◆ Given data ◆
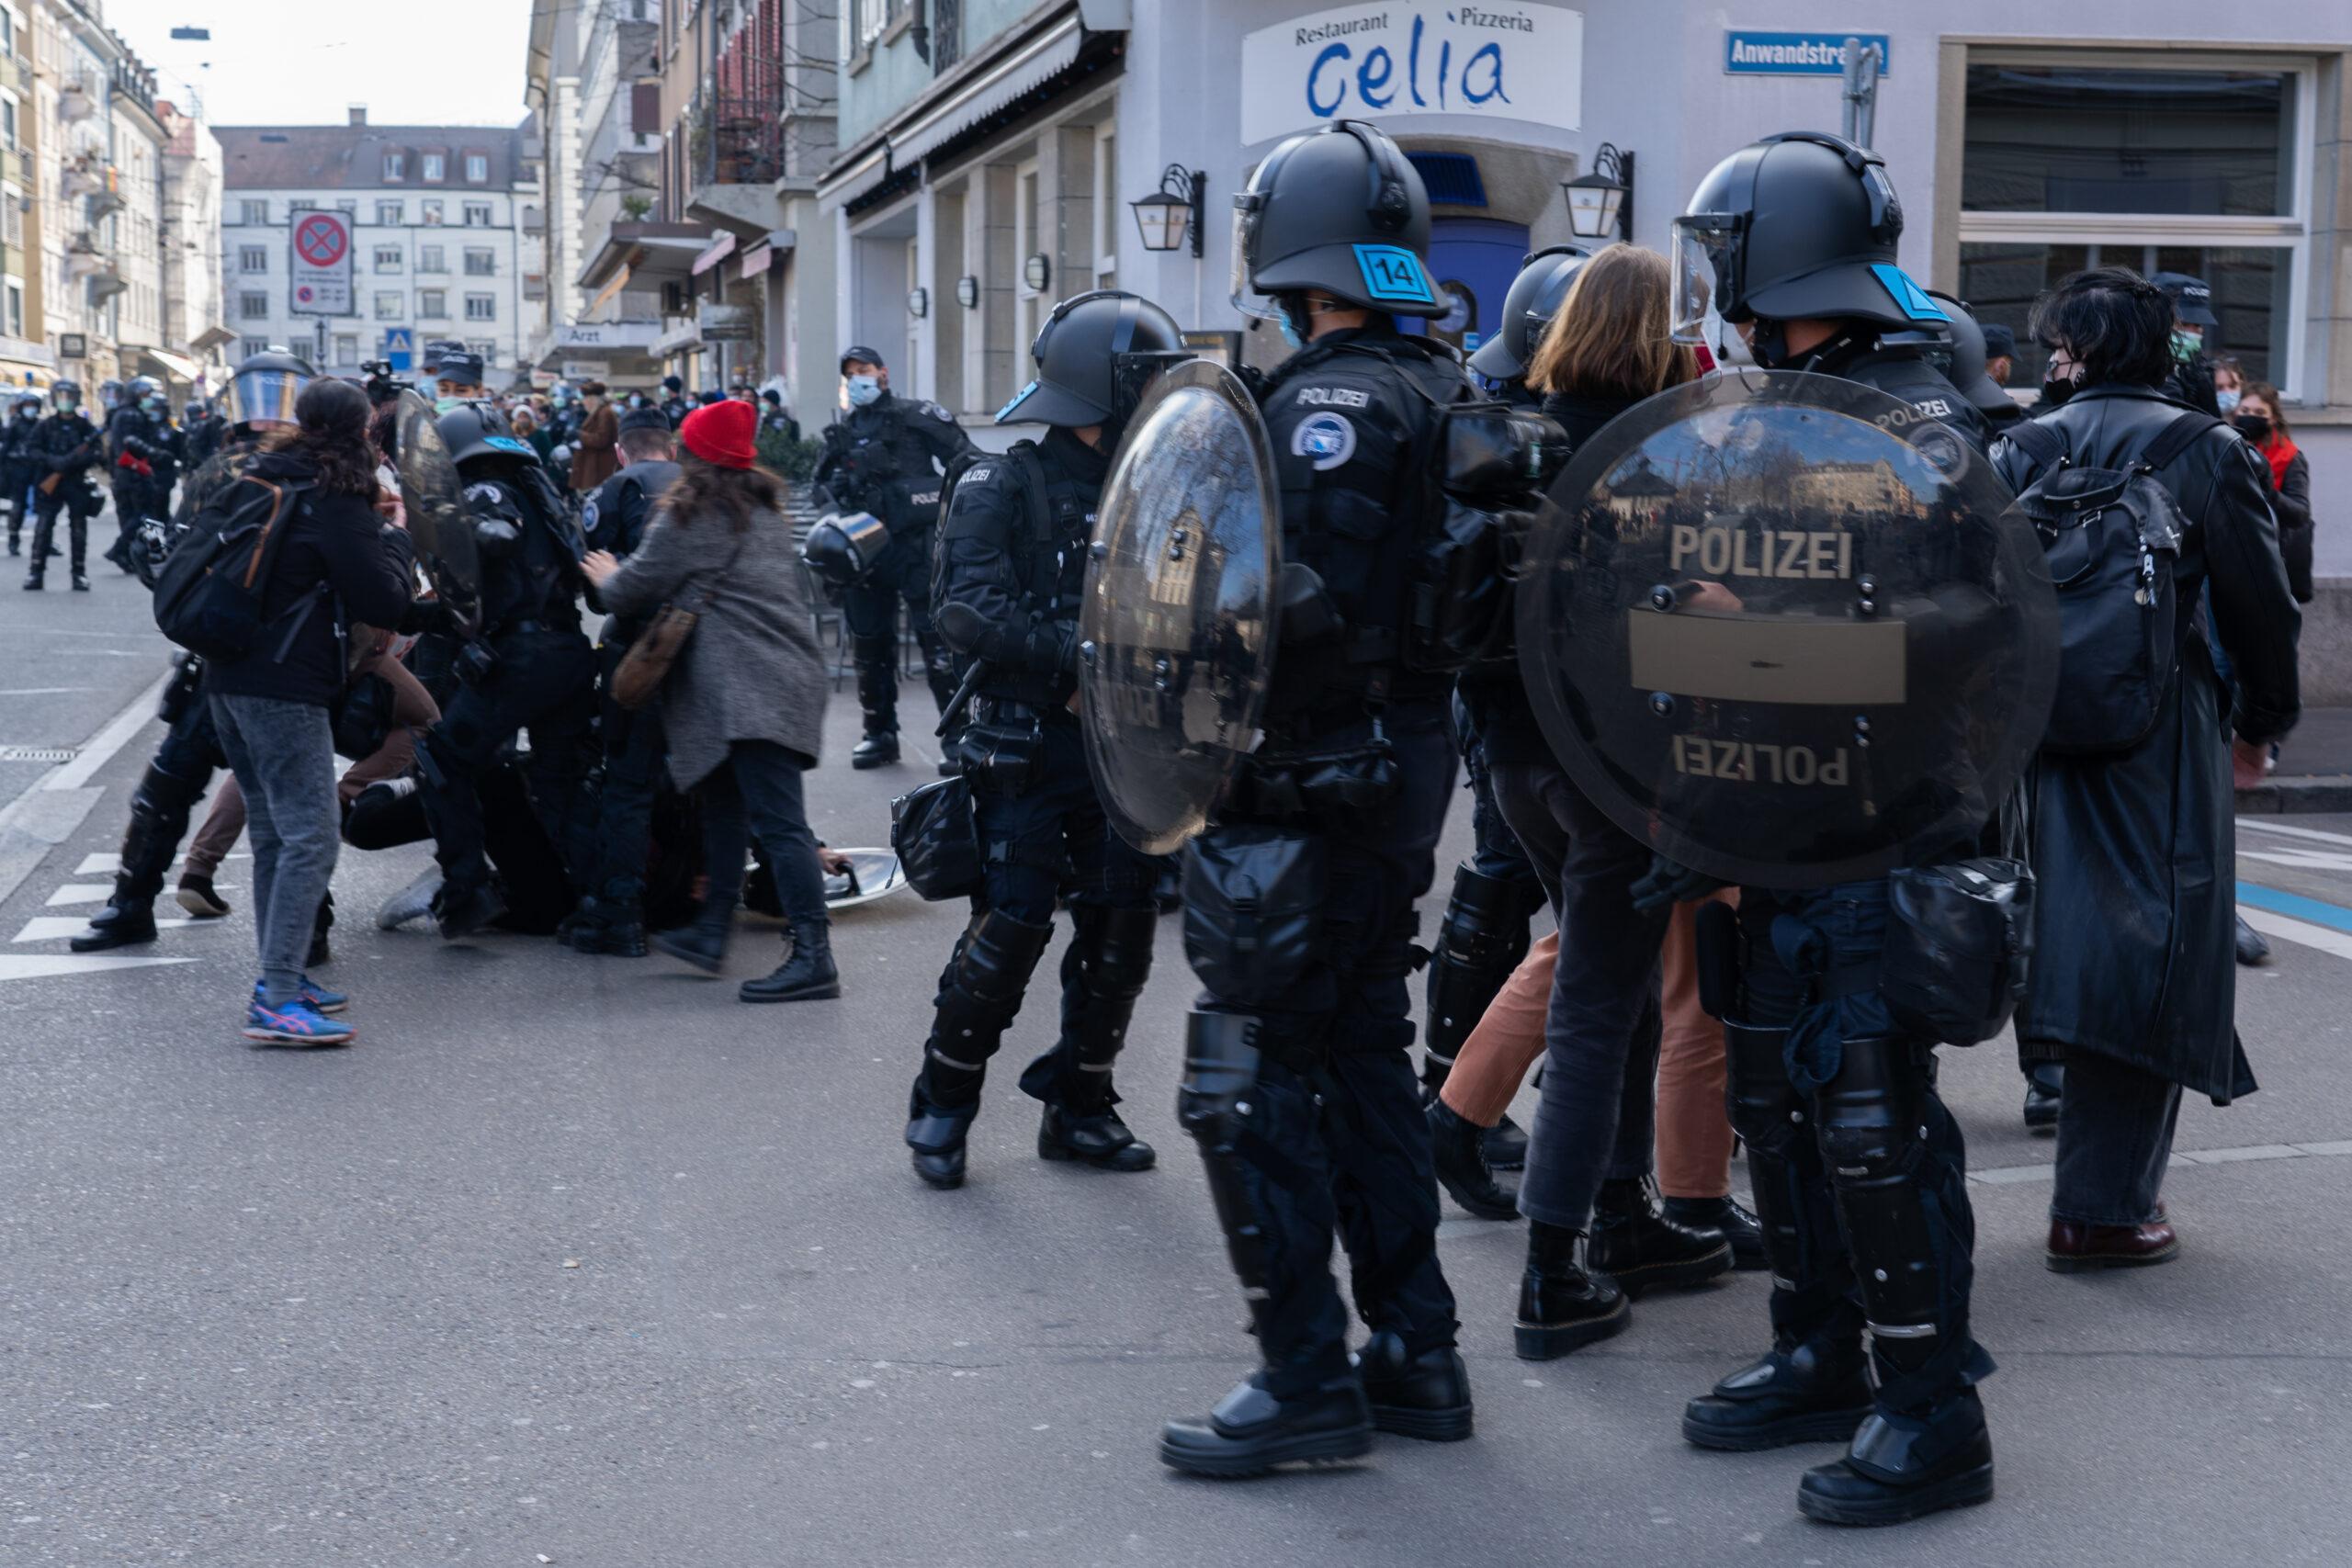 Ein Foto vom 6. März 2021 in Zürich, zwei Gruppen an Polizist_innen eine Gruppe führen Demonstrierende ab die andere Polizeigruppe drückt ein:e Aktivist:in zu Boden, andere Aktivist:innen wollen gegen die Polizei Helfen
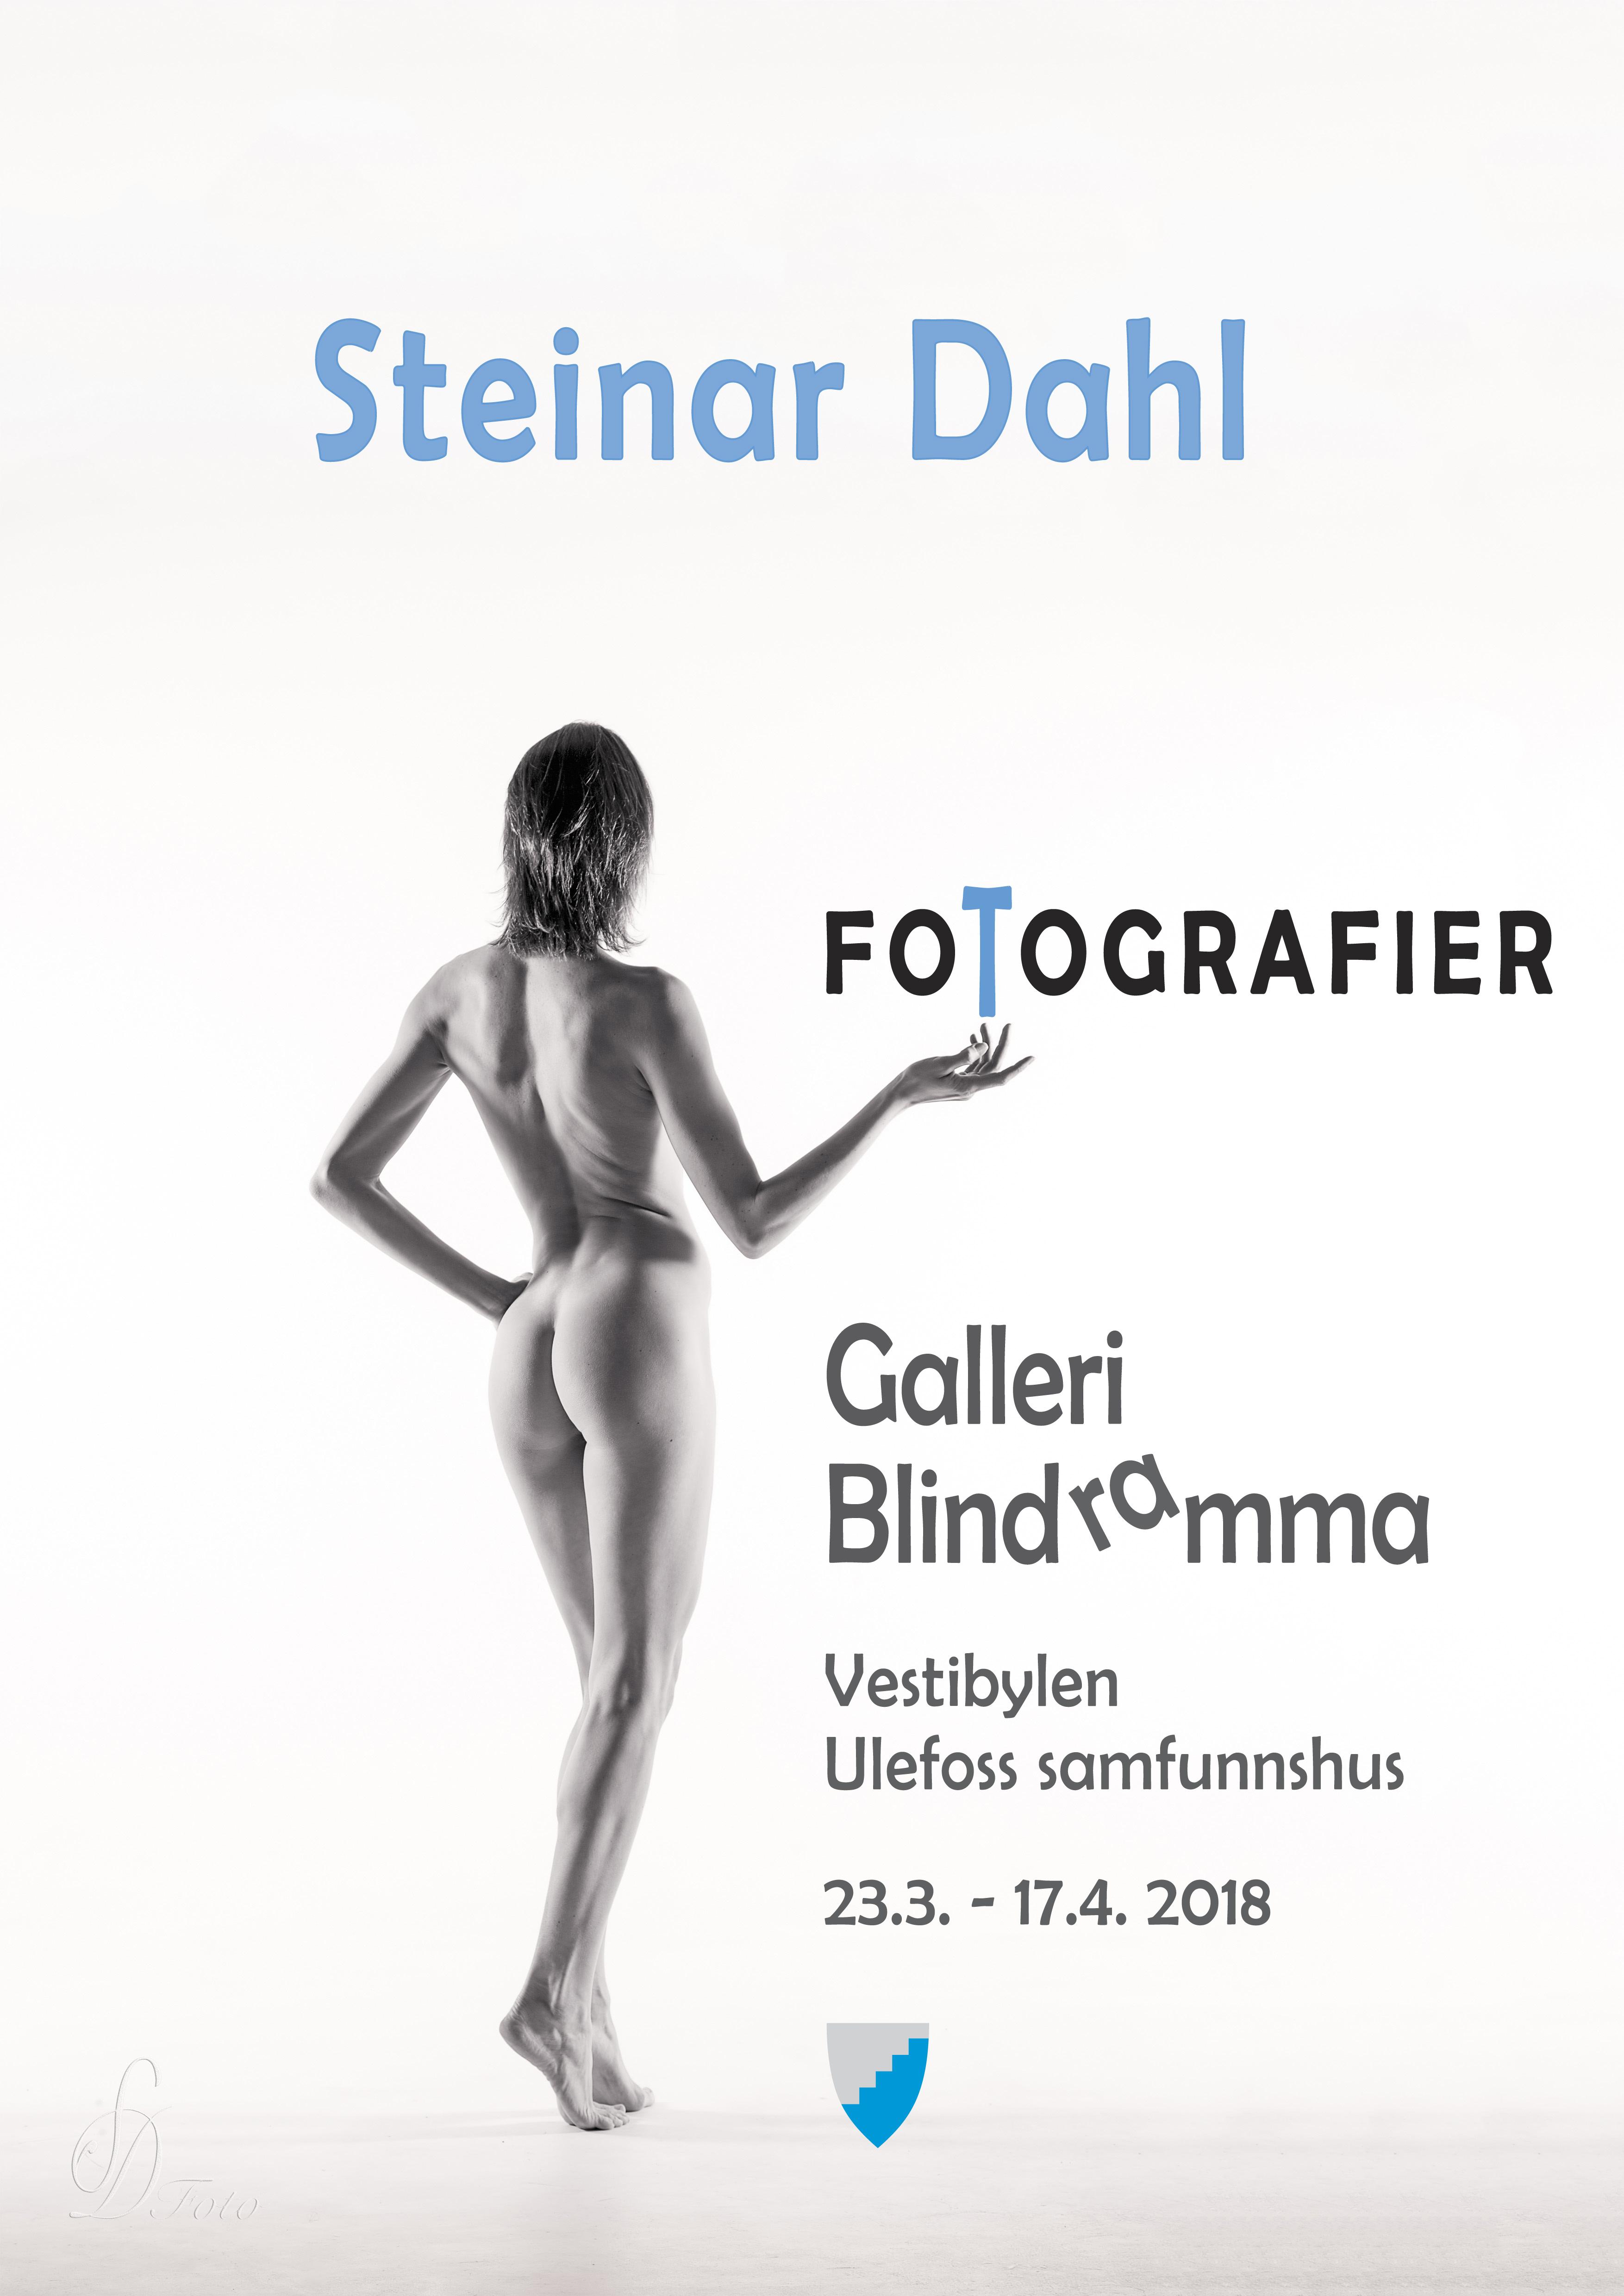 Galleri Blindramma: Åpning av Steinar Dahls utstilling Fotografier
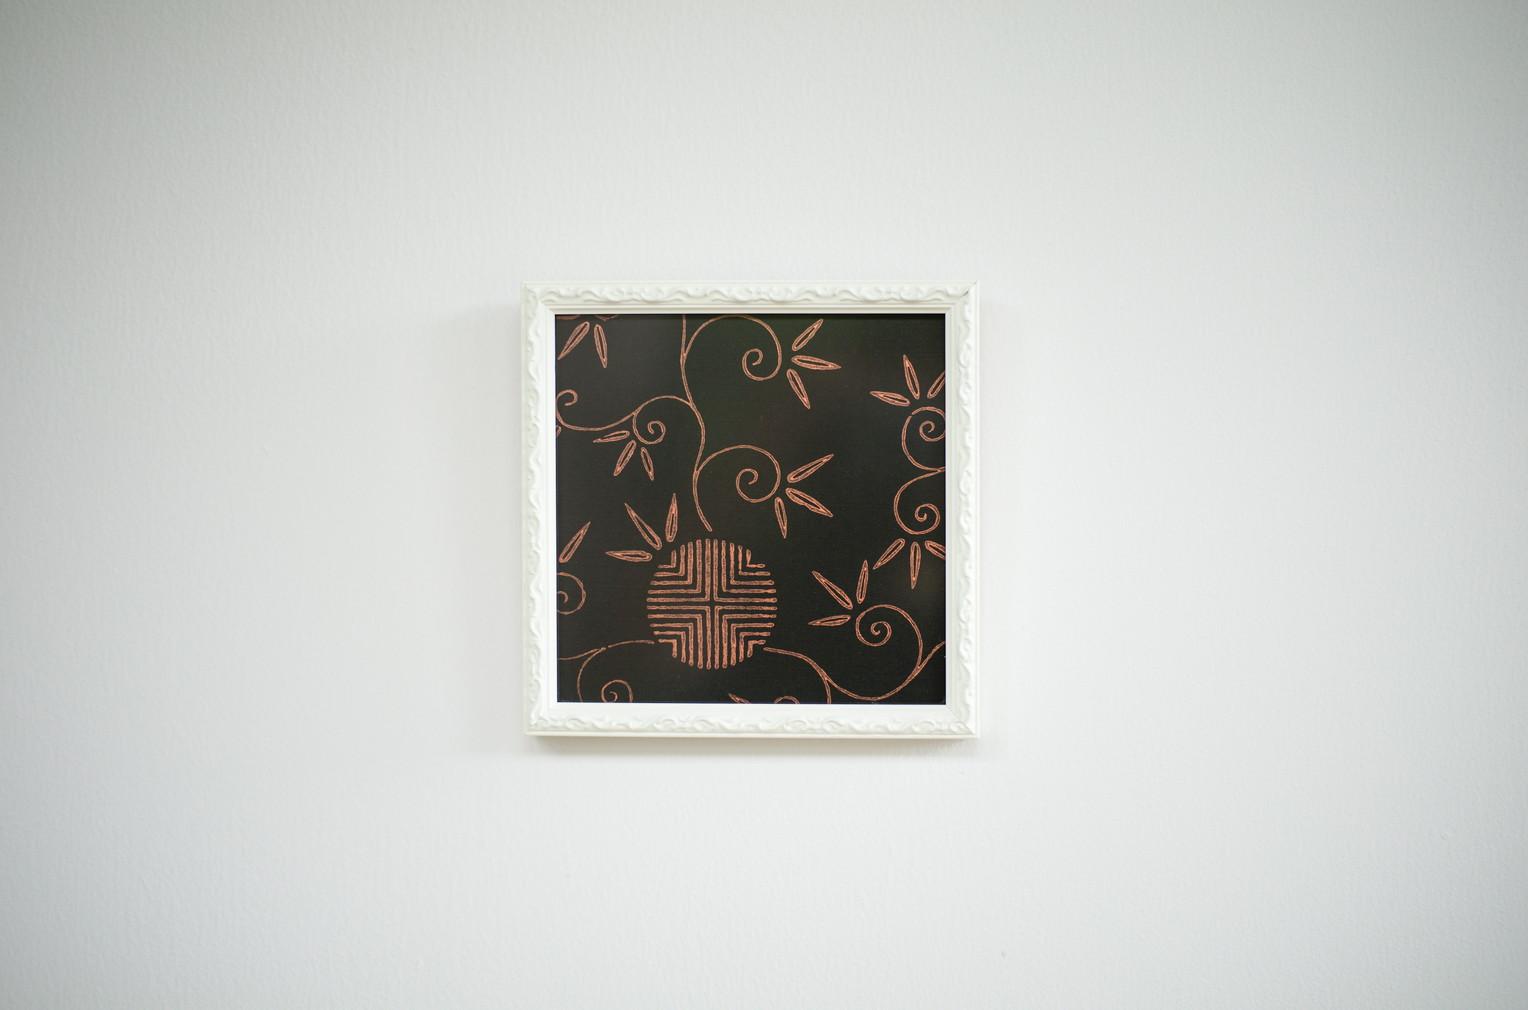 kira額(アートパネル)/松竹梅唐草(0122)

◆ What you are asked to do ◆
When you reproduce the data shown above, keep each line exact and omit every picture.

◆ Problem solution ◆
 Ein Foto vom 6. März 2021 in Zürich, zwei Gruppen an Polizist_innen eine Gruppe führen Demonstrierende ab die andere Polizeigruppe drückt ein:e Aktivist:in zu Boden, andere Aktivist:innen wollen gegen die Polizei Helfen
 Galleri Blindramma: Åpning av Steinar Dahls utstilling Fotografier
 kira額(アートパネル)/松竹梅唐草(0122)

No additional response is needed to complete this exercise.